**Exercise objective:**
Each line in the records below, from the one that contains "BIG T-SHIRT Nike" to the one that contains "Gedenktafel für Ludwig", should be reproduced exactly, the first and last included.
+ + + + +
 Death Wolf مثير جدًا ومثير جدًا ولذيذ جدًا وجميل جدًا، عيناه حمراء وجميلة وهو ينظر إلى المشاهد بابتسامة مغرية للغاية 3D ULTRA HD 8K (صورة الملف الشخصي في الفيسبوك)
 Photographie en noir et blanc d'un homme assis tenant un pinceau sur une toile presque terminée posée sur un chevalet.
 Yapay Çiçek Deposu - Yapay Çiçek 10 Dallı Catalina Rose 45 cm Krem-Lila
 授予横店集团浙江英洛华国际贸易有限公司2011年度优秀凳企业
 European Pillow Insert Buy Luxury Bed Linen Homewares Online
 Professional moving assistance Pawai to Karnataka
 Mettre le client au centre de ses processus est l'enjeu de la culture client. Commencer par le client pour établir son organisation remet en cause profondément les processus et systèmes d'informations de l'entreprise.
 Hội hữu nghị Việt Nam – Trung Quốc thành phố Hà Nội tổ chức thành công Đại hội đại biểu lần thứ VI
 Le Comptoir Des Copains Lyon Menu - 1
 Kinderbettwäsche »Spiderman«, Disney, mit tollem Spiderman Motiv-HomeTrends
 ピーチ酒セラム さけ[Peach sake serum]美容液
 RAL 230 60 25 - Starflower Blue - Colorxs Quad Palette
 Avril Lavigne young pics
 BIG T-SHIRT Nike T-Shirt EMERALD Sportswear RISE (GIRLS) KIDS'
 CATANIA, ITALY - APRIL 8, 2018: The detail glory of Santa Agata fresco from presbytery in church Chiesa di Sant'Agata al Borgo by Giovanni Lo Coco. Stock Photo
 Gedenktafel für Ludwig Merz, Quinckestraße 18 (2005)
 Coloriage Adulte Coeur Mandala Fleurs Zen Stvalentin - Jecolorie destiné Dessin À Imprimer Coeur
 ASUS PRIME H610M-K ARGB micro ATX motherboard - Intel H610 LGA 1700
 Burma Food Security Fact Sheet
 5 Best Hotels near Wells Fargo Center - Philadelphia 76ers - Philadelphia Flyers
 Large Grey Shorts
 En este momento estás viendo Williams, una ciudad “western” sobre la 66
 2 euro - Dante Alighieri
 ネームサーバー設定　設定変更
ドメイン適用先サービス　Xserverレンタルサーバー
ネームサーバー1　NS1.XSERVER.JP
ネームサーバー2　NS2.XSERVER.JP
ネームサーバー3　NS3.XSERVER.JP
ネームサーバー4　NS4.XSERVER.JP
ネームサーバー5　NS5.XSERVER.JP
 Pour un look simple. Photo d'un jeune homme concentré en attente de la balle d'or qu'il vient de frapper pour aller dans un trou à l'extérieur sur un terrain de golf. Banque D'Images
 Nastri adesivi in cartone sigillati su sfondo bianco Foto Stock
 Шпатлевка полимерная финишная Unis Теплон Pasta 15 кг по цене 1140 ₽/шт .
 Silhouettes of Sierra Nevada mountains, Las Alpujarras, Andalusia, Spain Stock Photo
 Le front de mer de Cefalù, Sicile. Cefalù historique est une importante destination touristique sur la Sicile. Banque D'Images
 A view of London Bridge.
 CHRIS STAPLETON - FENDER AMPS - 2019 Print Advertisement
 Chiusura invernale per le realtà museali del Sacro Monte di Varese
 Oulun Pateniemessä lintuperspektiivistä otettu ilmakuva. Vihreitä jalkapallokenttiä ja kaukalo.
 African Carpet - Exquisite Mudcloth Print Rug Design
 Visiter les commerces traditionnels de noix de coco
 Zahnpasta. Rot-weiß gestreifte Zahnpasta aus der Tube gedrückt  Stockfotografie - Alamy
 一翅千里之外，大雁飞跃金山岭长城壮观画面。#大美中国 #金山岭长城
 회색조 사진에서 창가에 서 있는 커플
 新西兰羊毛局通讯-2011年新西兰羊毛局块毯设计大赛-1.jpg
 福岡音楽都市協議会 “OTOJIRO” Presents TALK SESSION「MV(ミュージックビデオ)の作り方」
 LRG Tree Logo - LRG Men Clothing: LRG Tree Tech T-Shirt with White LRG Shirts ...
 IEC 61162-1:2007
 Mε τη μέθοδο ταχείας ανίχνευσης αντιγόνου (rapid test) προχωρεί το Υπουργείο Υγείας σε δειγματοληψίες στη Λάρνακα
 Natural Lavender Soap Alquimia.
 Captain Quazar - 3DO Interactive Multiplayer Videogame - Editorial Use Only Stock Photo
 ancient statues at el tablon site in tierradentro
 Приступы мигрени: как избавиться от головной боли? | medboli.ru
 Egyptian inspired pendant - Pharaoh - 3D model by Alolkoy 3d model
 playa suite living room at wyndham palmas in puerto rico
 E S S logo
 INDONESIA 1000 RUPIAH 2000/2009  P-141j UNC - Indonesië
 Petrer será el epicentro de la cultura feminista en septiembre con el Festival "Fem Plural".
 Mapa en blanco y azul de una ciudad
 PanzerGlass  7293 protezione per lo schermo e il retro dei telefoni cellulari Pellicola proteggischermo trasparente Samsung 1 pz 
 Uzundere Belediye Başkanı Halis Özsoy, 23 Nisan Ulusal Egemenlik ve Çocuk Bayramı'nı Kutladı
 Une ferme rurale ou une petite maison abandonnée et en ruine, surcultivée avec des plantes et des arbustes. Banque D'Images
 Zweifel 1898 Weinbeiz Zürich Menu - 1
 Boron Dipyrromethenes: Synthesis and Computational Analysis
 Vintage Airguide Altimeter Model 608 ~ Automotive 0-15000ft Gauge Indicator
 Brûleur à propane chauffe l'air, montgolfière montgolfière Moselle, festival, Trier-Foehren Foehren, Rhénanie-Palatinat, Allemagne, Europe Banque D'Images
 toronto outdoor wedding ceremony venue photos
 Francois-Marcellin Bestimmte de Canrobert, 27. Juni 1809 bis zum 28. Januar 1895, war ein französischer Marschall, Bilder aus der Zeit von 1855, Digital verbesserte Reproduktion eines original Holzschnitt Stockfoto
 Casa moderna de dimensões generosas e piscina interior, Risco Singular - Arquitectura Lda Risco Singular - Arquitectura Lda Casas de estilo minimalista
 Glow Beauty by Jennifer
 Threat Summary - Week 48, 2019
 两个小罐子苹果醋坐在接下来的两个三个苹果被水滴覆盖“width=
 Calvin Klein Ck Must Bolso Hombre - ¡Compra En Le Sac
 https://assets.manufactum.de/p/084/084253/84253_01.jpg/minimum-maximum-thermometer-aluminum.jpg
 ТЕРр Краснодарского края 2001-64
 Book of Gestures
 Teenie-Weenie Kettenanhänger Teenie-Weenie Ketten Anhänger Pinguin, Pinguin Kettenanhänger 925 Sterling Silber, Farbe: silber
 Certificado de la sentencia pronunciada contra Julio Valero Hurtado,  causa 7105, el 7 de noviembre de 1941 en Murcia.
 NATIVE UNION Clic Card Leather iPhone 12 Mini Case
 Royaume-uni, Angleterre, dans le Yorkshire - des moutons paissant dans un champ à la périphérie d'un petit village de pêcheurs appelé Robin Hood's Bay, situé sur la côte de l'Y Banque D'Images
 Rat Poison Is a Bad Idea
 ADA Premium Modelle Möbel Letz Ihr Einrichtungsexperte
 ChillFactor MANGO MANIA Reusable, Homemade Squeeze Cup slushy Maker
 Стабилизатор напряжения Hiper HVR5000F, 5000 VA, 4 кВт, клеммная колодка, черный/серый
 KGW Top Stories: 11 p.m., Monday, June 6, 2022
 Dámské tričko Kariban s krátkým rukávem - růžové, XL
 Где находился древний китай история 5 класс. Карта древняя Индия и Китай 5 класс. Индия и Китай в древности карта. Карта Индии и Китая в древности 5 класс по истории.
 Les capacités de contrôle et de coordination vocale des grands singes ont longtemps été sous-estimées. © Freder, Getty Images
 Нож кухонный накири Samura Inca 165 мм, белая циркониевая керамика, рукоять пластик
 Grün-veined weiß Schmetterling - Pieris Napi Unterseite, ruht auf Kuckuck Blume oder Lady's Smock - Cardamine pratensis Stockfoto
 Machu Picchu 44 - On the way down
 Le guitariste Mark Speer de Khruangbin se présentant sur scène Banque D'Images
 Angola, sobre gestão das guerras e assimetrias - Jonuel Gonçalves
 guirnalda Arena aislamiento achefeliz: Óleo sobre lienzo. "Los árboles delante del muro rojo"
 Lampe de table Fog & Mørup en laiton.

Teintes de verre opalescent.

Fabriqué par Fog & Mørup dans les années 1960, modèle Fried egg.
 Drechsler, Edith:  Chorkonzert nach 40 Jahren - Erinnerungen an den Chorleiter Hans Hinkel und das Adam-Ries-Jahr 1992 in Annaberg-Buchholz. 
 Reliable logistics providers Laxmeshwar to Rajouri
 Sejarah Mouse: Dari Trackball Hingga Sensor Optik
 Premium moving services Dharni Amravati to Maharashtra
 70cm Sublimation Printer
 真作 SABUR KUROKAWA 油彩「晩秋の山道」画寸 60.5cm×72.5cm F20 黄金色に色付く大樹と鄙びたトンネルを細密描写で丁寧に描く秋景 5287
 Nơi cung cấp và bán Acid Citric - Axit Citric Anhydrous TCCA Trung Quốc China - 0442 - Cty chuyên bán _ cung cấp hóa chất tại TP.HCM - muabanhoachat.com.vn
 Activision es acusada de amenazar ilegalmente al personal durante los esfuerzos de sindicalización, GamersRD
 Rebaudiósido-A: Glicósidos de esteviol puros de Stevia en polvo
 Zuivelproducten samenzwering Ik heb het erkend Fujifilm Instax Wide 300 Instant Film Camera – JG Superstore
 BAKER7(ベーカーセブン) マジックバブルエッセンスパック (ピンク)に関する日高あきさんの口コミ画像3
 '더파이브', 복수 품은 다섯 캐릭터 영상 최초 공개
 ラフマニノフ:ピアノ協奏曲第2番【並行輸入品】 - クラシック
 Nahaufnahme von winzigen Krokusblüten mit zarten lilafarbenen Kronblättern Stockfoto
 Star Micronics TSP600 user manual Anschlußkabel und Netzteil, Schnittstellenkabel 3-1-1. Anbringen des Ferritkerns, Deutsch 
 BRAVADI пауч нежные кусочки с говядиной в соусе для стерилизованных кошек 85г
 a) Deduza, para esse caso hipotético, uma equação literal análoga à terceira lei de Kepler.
+ + + + +
**The answer:**
 BIG T-SHIRT Nike T-Shirt EMERALD Sportswear RISE (GIRLS) KIDS'
 CATANIA, ITALY - APRIL 8, 2018: The detail glory of Santa Agata fresco from presbytery in church Chiesa di Sant'Agata al Borgo by Giovanni Lo Coco. Stock Photo
 Gedenktafel für Ludwig Merz, Quinckestraße 18 (2005)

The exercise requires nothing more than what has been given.